The approval letter typically lists specific conditions and pre-opening requirements. The OCC can modify, suspend, or rescind this approval if issues arise later. This is the critical bridge to final approval, often lasting several months:The entity organizes as a legal corporation. Raise or confirm required capital and liquidity. Hire and onboard key personnel.
Blockchain Analytics Firms Link Drift Protocol Exploitation to North Korea Hackers
Meanwhile, blockchain analytics firms have linked a major exploit of Drift Protocol—a Solana-based decentralized perpetual futures exchange—to suspected North Korean state-sponsored hackers, with losses estimated at around $280–286 million.
On April 1, 2026, attackers drained roughly $280–285 million from Drift Protocol in about 12 minutes across ~31 transactions. This is the largest DeFi security incident of 2026 so far and ranks among the biggest crypto hacks in recent years. The attack did not exploit a smart contract bug in the core protocol.
Instead, it involved: Social engineering and compromise of administrative controls likely targeting multisig signers or the Security Council, possibly weeks in advance via a 2-of-5 multisig setup. Abuse of Solana’s durable nonce feature, which allows pre-signing transactions that don’t expire. Attackers reportedly used this to set up malicious admin actions ahead of time.
Creation of a fake token CarbonVote with minimal liquidity ~$500, which was wash-traded to manipulate oracles into treating it as valuable collateral. They then listed it on Drift, used it to borrow/drain real assets from vaults including stablecoins like USDC/USDT, tokenized BTC, and other tokens, and quickly swapped and bridged funds.
Drift’s total value locked (TVL) dropped from ~$550 million to under $250 million. The protocol halted deposits and withdrawals, and the native DRIFT token plunged sharply. Drift has sent on-chain messages to related wallets seeking communication and plans a detailed post-mortem. Blockchain firms Elliptic and TRM Labs have attributed the operation to North Korean-linked actors often associated with the Lazarus Group, also called TraderTraitor or similar units.
Key indicators include: Transaction patterns, cross-chain laundering techniques; use of Tornado Cash, bridging from Solana to Ethereum via Circle’s CCTP, routing through other chains and exchanges. Timing and obfuscation methods consistent with prior DPRK operations. Similarities to the massive 2025 Bybit hack ~$1.4–1.5 billion, which the FBI and others attributed to North Korea.
If confirmed, this would be the 18th suspected DPRK-linked crypto theft tracked by Elliptic in 2026 alone, with over $300 million stolen by these actors this year. North Korea has been linked to billions in crypto thefts in recent years, with proceeds allegedly funding its weapons and military programs. Ledger’s CTO also highlighted tactical parallels to the Bybit breach.
Funds were laundered across chains like Solana ? Ethereum and others, with portions converted to ETH and moved further. Some observers have questioned stablecoin issuers like Circle on freezing policies. This highlights ongoing risks in DeFi governance and operational security: even without code vulnerabilities, compromised keys and admins or social engineering can be devastating.

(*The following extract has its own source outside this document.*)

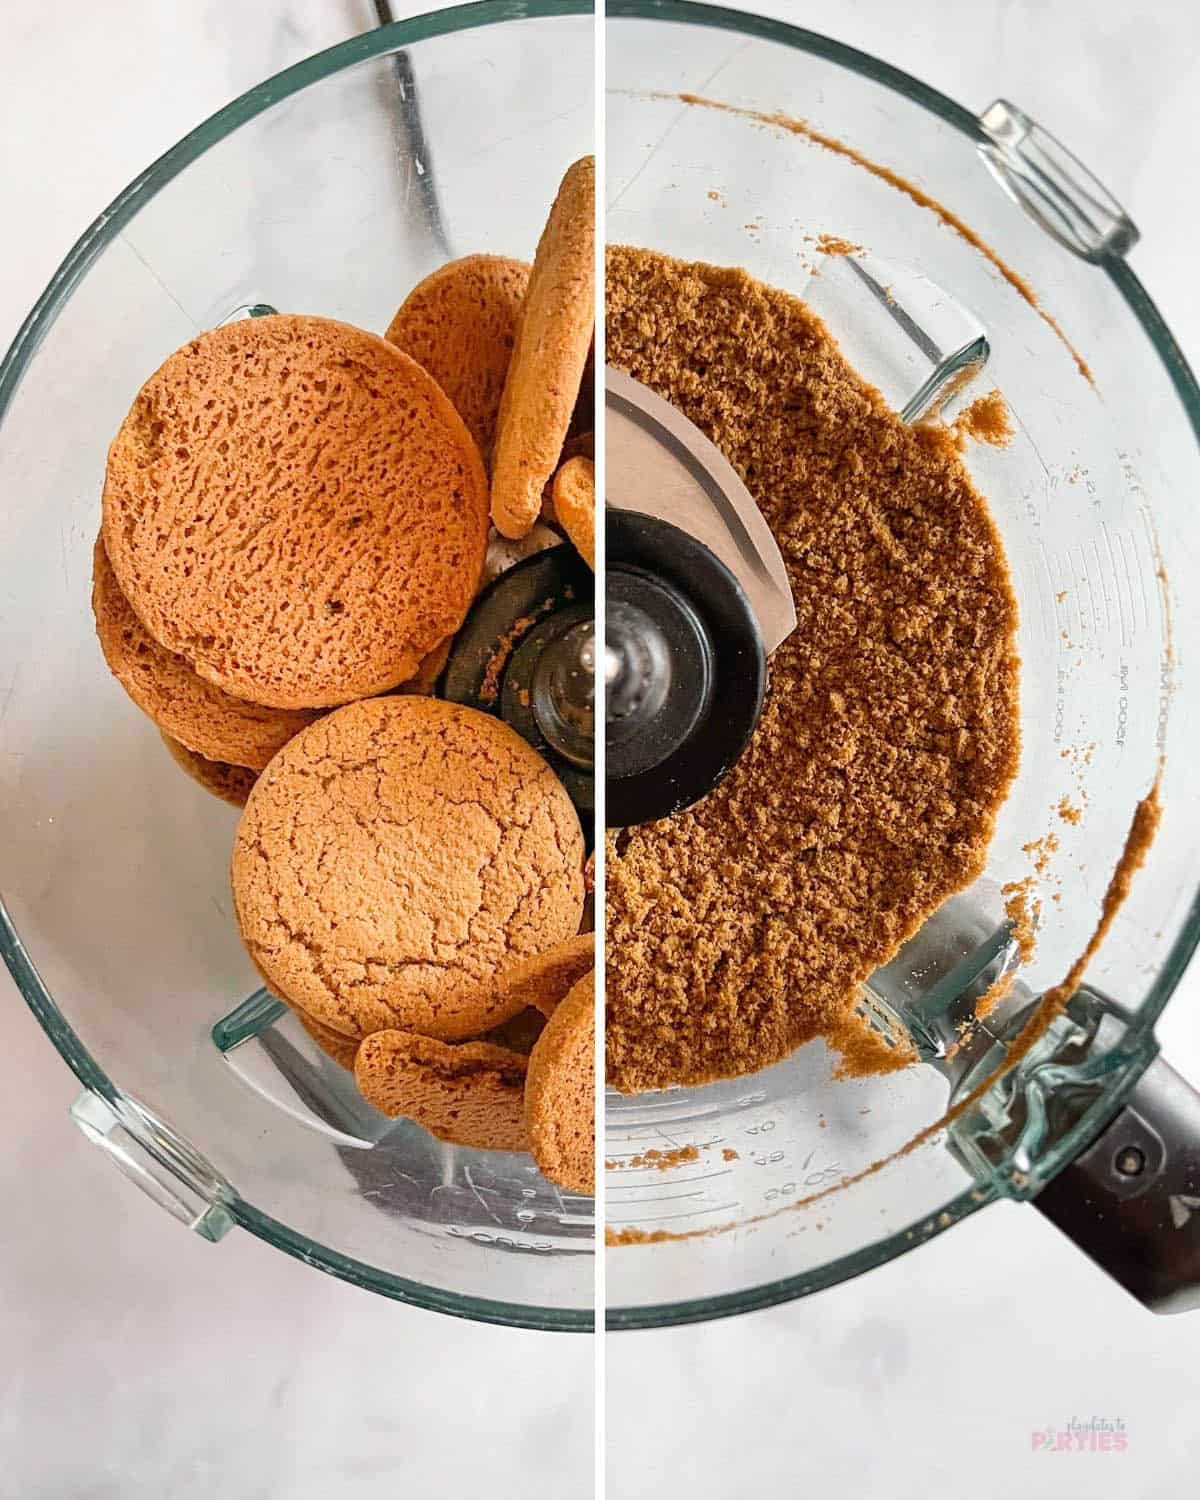 Collage showing a food processor bowl with gingersnap cookies on the left and after the cookies are ground on the right.

It echoes broader trends where state actors especially North Korea target crypto for funding. Pressure on liquidity and sentiment; some broader SOL price dips were noted. No group has publicly claimed responsibility, which is typical for these sophisticated operations.

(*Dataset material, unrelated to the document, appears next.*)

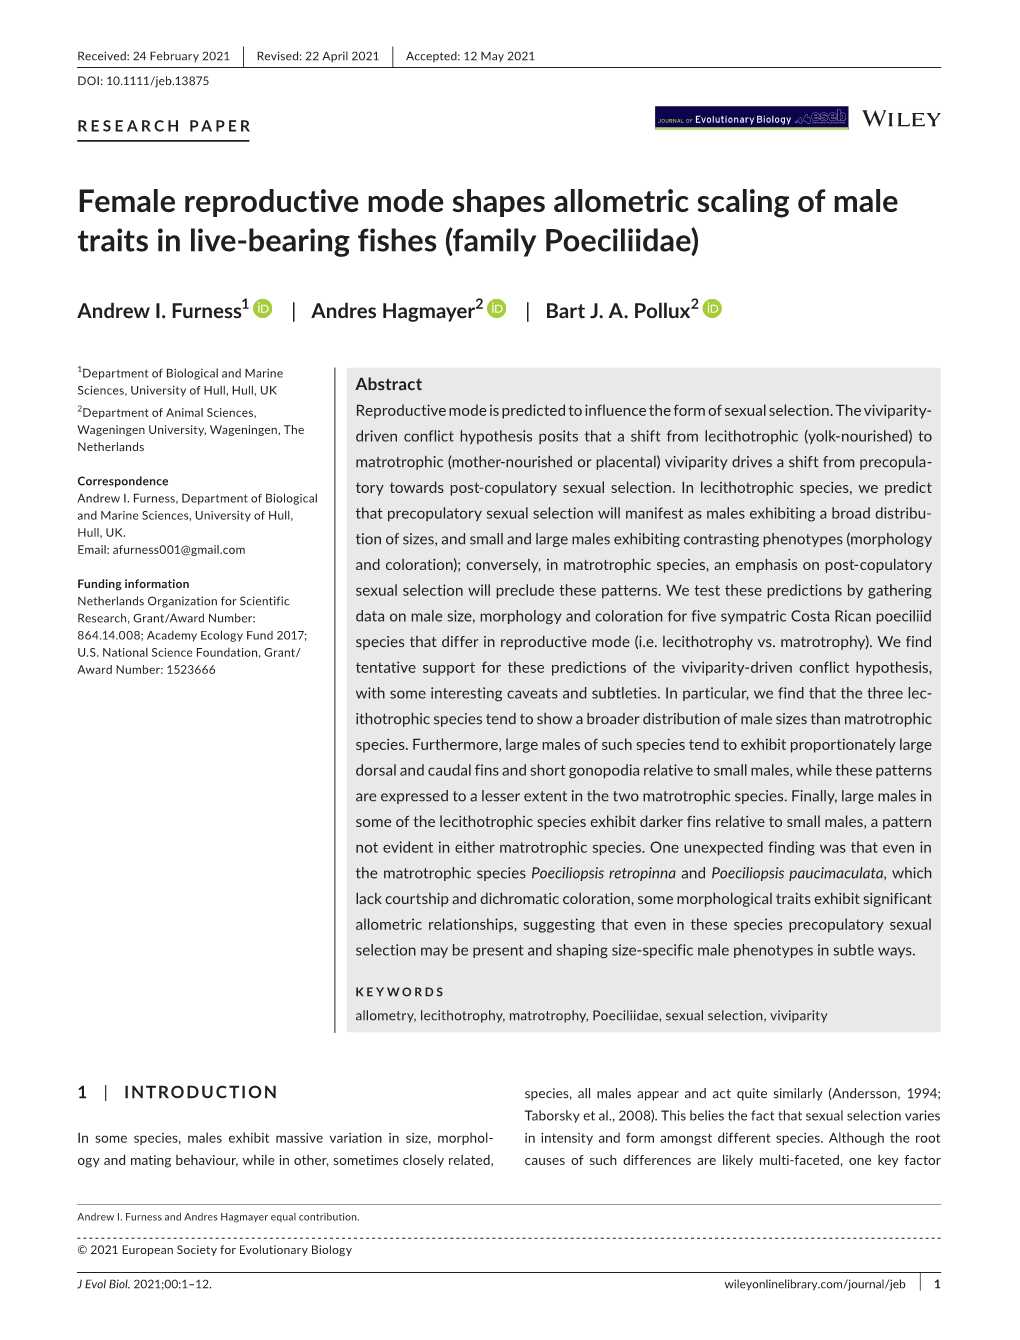 Female Reproductive Mode Shapes Allometric Scaling of Male Traits in Live-­Bearing Fishes (Family Poeciliidae)

Investigations are active, with on-chain tracking continuing. Drift is coordinating with security firms, and the industry is discussing stronger multisig, timelocks, and admin controls. This is developing rapidly—details on exact mechanics, recovery prospects, and official attributions may evolve with further forensics. Crypto remains high-risk, and such incidents underscore the importance of self-custody where possible and careful evaluation of protocols.